Justice Ekanem premised his decision on a letter dated September 11, 2015 that Hassan wrote to the tribunal to apply for the trial of Saraki.

He argued that the tone of the letter, which read in part: “I hereby apply for the prosecution of the accused person before this tribunal as per the attached charge”, is a clear pointer that Hassan did not have the authority of the solicitor general before filing the charge.

Justice Ekanem further held that “where a word is not ambiguous and it is plain and clear as in this case that the proceeding was initiated by Hassan, it should not be difficult to arrive at a conclusion that Section 24 of the CCB and Tribunal Act 2004 had been breached by the said M.S Hassan”.

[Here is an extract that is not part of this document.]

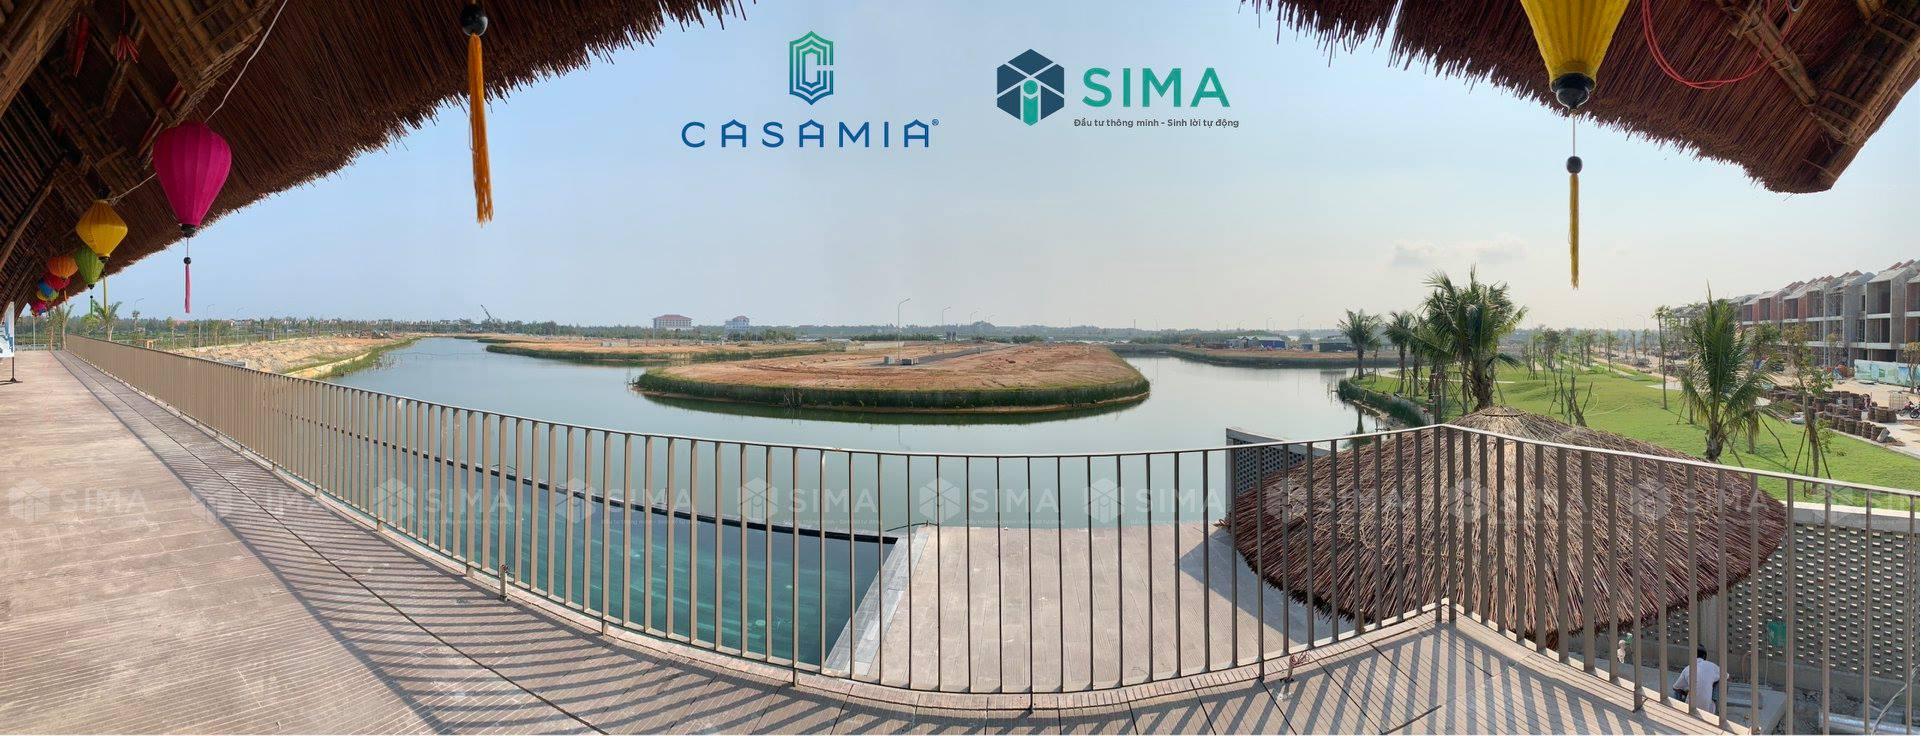 Tổng quan view từ Clubhouse ra lối biệt thự và sinh thái Casamia Hội An

On that ground, Justice Ekanem set aside the charge against Saraki and also discharged him from being prosecuted.
Saraki has however vowed to challenge the ruling at the Supreme Court.

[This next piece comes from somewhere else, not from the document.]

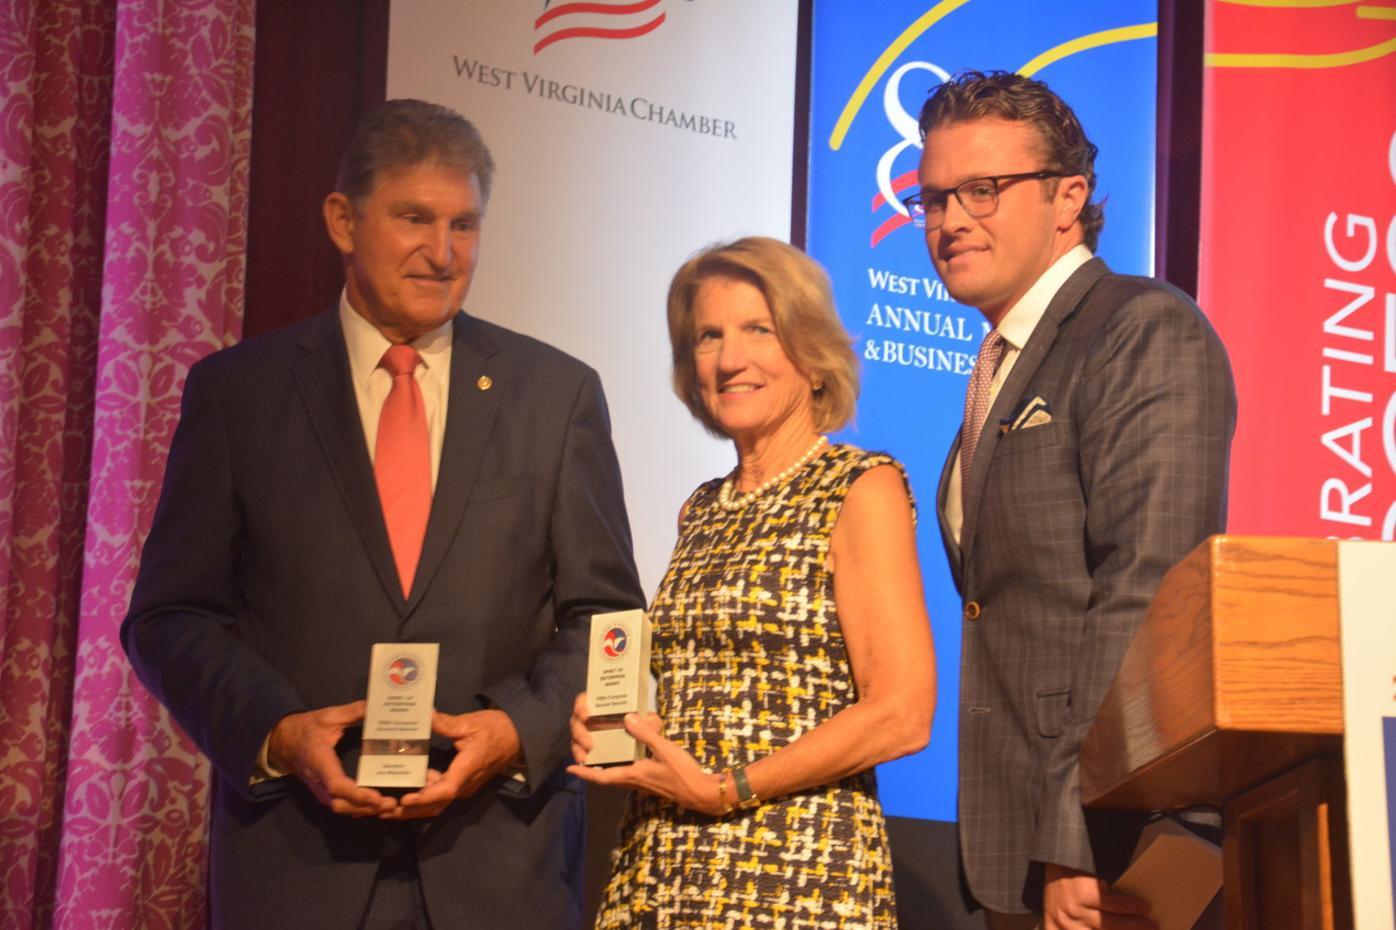 Free Spirit of Enterprise Award

“We shall test this judgement in the Supreme court,” stated Magaji Mahmud, SAN, counsel to Saraki.
While speaking to journalists after the judgement, he expressed confidence that his client’s prayers would be upheld and treated favourably at the apex court.

“We are going to the Supreme Court for Justice and we are sure that substantial justice will be done in this matter,” Mahmud assured.
For most analysts, the jugdement against Saraki is akin to a re-write of the nation’s constitution, particularly as it relates to the composition of the CCT.

“Before you can talk of quorum, you must first fulfill the law regarding the composition. The issue of composition must first be settled. It says there shall be a Chairman and two other members. The CCT as presently constituted has not fulfilled this,” remarked a lawyer who pleaded for anonymity.

The Lagos lawyer also said the Interpretation Act cited to back the CCT’s current composition by the Appeal Court contradicts the constitution and when this happens, the constitution supersedes.

In this regard, analysts cited Section 1(1) of the 1999 constitution which states: “This constitution and its provisions shall have binding force on all authorities and persons in Nigeria.”

Section 1 (3) also states: “If any other law is inconsistent with the provision of this constitution; this constitution shall prevail. And that other law shall to the extent of the inconsistency be void.”